Alice Burton, associate director of Animal Shelter & Animal Control Engagement at Alley Cat Allies, traveled to Fort Bend in July to train the animal control officers and shelter staff on how to operate an effective TNR program. She helped officials create the policies and procedures to support a successful and well-run program. She also hosted training sessions for animal control officers at Fort Bend County Animal Services, volunteers, community members, and others.

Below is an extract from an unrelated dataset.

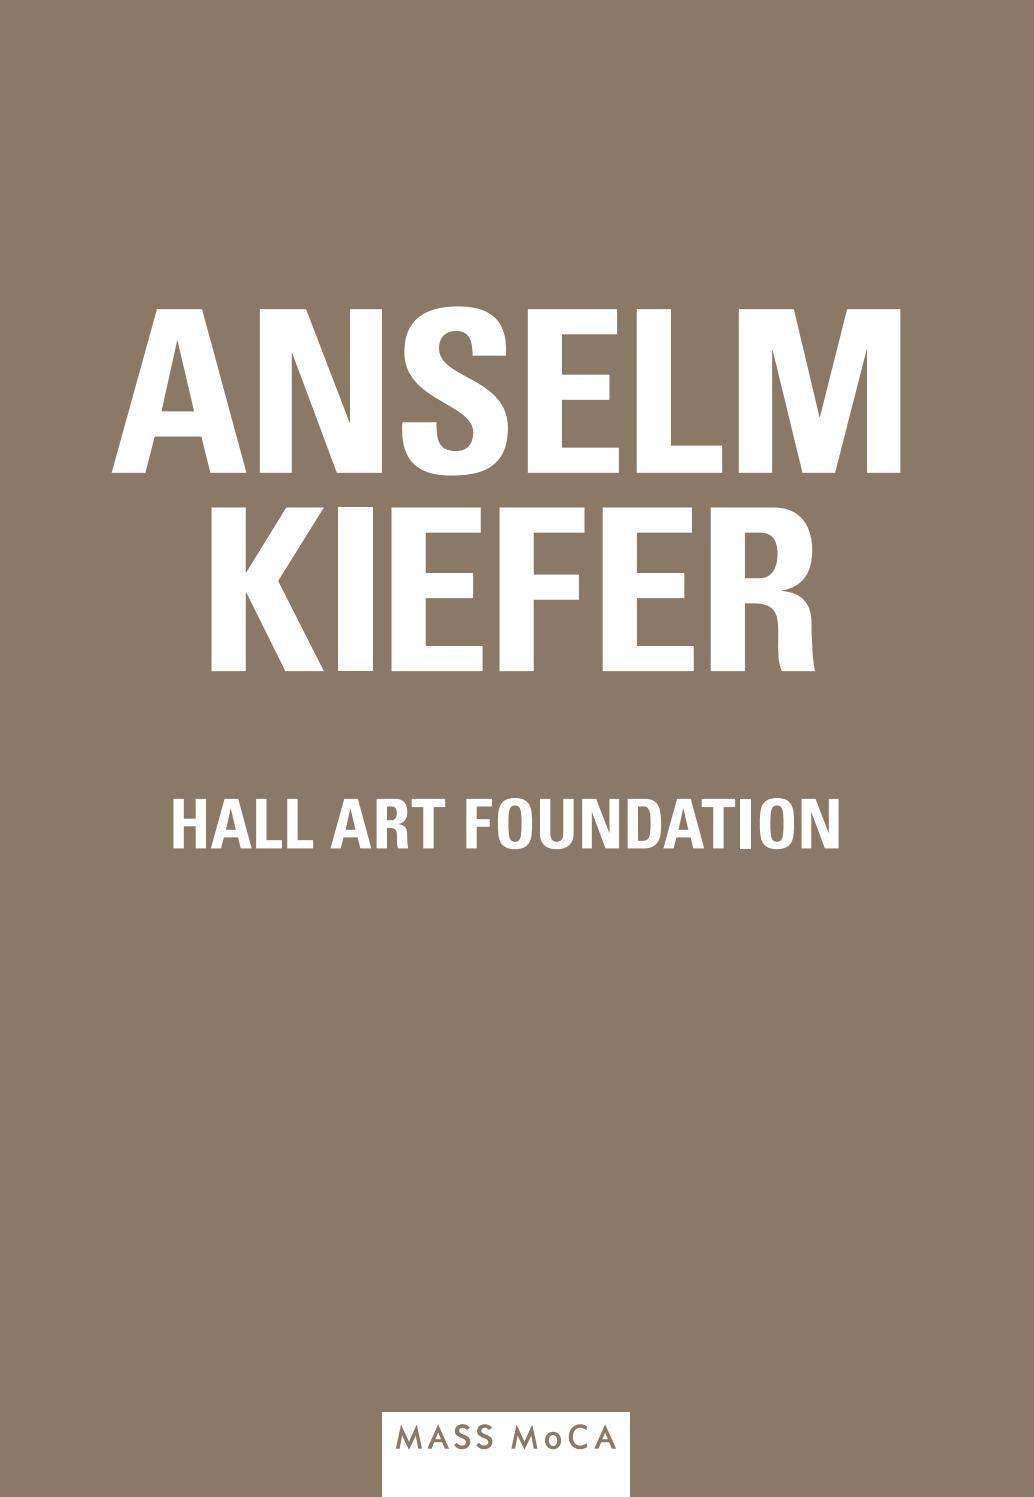 Anselm Kiefer By Mass Moca Issuu Built Wiring Diagram

Burton also visited Fort Bend County Animal Services back in February to promote TNR and help the shelter implement a Wait Until 8 program to help kittens. The program offers resources to people who find kittens and bring them to the shelter, encouraging them to care for the kittens at home until they reach 8 weeks of age. This keeps kittens out of the shelter until they are old enough to be spayed or neutered and put up for adoption. Alley Cat Allies has also been providing supplies and educational resources to the shelter for months.

Fort Bend County Animal Services isn’t letting any time pass now that it has its ordinance in place. Alongside asking Alley Cat Allies for assistance and education, it is launching TNR pilot programs in two areas where it has identified large numbers of community catsthe cities of Needville and Richmond.

Vasquez says he looks forward to working with Alley Cat Allies as the shelter implements the pilot programs and works to make the public aware of these changes.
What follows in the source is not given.